| PROBLEM TO SOLVE |
Emit an exact copy of the lines running from the start of the records to the line containing "La actual vacuna", both included.
### RECORDS FOR THE EXERCISE
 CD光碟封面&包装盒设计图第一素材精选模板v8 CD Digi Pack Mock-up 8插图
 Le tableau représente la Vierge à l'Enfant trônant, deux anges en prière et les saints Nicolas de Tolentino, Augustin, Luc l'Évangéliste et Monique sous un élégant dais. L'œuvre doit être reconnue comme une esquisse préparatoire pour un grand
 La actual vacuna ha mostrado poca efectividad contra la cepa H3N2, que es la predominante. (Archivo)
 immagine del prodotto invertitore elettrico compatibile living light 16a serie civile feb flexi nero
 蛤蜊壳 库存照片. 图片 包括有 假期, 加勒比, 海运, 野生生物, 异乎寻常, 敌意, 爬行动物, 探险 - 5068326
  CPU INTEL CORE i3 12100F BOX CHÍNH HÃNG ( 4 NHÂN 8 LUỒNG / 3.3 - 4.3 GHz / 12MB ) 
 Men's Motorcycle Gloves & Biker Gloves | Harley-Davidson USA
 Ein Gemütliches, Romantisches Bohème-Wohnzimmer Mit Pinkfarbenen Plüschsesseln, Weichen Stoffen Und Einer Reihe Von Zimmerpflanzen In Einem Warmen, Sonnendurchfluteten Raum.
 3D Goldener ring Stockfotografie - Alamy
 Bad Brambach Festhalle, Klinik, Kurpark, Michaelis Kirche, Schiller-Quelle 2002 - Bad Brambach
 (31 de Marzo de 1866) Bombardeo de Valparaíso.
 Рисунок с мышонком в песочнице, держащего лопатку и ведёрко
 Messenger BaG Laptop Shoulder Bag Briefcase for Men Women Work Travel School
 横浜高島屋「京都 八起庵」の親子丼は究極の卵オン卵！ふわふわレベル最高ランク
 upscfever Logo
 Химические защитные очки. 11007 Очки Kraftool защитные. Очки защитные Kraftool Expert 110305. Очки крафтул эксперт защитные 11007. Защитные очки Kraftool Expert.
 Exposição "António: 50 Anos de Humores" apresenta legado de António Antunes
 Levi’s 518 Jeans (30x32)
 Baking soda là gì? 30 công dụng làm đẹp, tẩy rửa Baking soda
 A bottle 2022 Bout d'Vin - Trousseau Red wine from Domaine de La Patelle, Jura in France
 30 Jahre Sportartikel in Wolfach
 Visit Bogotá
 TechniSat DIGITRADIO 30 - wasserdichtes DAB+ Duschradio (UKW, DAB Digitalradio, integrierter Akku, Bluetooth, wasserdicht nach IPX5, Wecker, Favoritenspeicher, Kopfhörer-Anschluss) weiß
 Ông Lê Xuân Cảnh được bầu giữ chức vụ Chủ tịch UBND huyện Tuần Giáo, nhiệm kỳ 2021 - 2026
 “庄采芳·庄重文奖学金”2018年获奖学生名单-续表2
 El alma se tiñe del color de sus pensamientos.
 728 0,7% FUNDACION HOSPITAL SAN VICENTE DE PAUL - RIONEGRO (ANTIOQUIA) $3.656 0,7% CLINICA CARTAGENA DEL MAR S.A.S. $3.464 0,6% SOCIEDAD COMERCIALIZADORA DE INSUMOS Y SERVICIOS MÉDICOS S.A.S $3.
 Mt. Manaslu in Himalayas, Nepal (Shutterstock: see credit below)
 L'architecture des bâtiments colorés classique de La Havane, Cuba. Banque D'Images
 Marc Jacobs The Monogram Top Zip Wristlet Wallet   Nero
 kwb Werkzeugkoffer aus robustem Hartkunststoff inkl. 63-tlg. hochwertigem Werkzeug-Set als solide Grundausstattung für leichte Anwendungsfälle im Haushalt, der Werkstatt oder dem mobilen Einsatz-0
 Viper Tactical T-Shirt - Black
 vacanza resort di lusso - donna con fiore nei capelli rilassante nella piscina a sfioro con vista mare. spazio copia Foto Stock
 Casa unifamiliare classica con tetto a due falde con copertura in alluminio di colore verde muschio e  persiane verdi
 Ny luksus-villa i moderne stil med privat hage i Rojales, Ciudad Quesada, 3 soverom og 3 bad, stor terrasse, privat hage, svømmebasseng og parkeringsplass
######
| EXERCISE RESPONSE |
 CD光碟封面&包装盒设计图第一素材精选模板v8 CD Digi Pack Mock-up 8插图
 Le tableau représente la Vierge à l'Enfant trônant, deux anges en prière et les saints Nicolas de Tolentino, Augustin, Luc l'Évangéliste et Monique sous un élégant dais. L'œuvre doit être reconnue comme une esquisse préparatoire pour un grand
 La actual vacuna ha mostrado poca efectividad contra la cepa H3N2, que es la predominante. (Archivo)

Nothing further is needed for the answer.